Да, это промелькнуло в мыслях А. или, вернее, мимо его глаз, оцепенев в пространстве и растворяясь в пространстве, ускользая, как само время, – где же он стоял? И словно время могло ему дать объяснение, он взглянул на часы на руке, они показывали 17.11. Потом, конечно, он снова должен был выполнять выпавшие ему на долю обязанности, так как в качестве жильца ему полагалась более или менее роль сына дома: он переходил от группы к группе, устанавливая между ними связь, приносил чайные чашки и предлагал булочки, заботился о стульях – их было недостаточно, – чтобы дамы, неподвижные, как цветы, могли на них сидеть, и, пока он был занят всем этим, он слышал обрывки разговоров, похожие на жужжание и гудение насекомых.
– Без манер – не кавалер, – сказала одна из пожилых дам, которые сидели рядом с баронессой на полукруглой скамье под плющом, освещенным солнцем. – И берлинский двор, сейчас это уже можно высказать, не годился для салонов…

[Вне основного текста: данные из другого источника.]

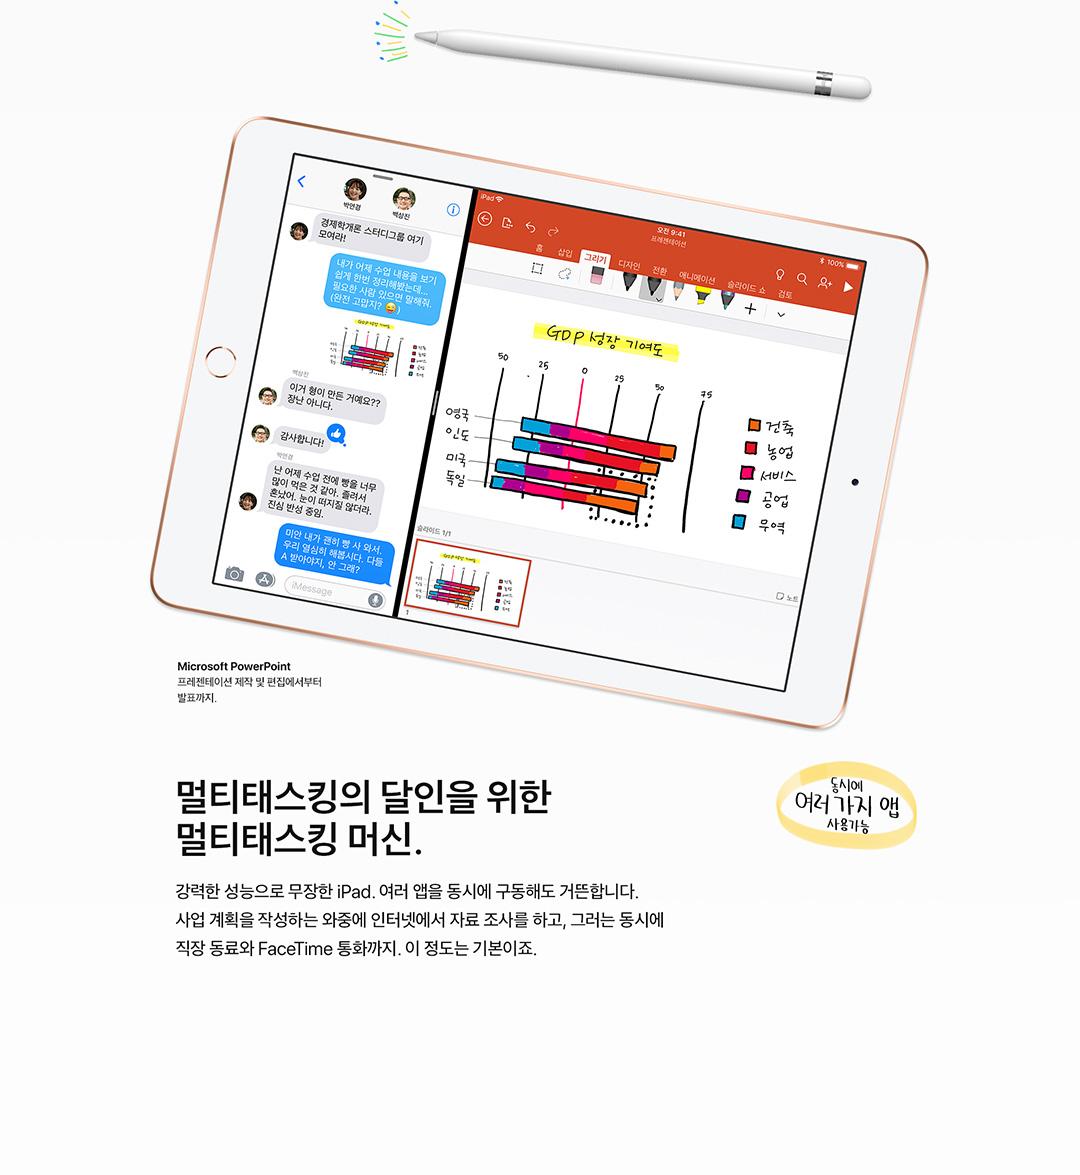 멀티태스킹의 달인을 위한 멀티태스킹 머신. 강력한 성능으로 무장한 iPad. 여러 앱을 동시에 구동해도 거뜬합니다. 사업 계획서를 작성하는 와중에 인터넷에서 자료 조사를 하고, 그러는 동시에 직장 동료와 FaceTime 통화까지. 이 정도는 기본이죠.

– …что это за человек там? – спросил один из штатских и потихоньку указал на молодого полковника рейхсвера. – Почтальон?
В ответ раздался смех:
– Радоваться надо, что еще есть офицеры и один из них – среди нас, а то ведь как подумаешь…
– …нам нужен кто-нибудь, кто взял бы на себя весь государственный хлам, так, чтобы мы…
– …конечно, зарабатывают даже много, особенно если перейти сразу на реальные ценности, но я вам скажу, мне от этого делается страшно…
– …нас упрекают в пристрастии к агрессии, сказал молодой полковник рейхсвера, – упрекают потому, что императорский генеральный штаб правильно распознал, что при всеобщих приготовлениях к войне в Европе мы, самые пострадавшие, только в том случае сохраним шанс выжить, если обеспечим себе преимущество молниеносного нападения – страшный риск, который мы все же каждый раз должны на себя брать…
– …и где в этом мире человек найдет покой и безопасность…
– …влюбился в нее, когда был в Висбадене с английскими оккупационными войсками, и она живет теперь в Бирмингеме.
Хильдегард одобрительно кивнула рассказчице и посмотрела на ее первоклассные шелковые чулки, видневшиеся из-под короткой юбки.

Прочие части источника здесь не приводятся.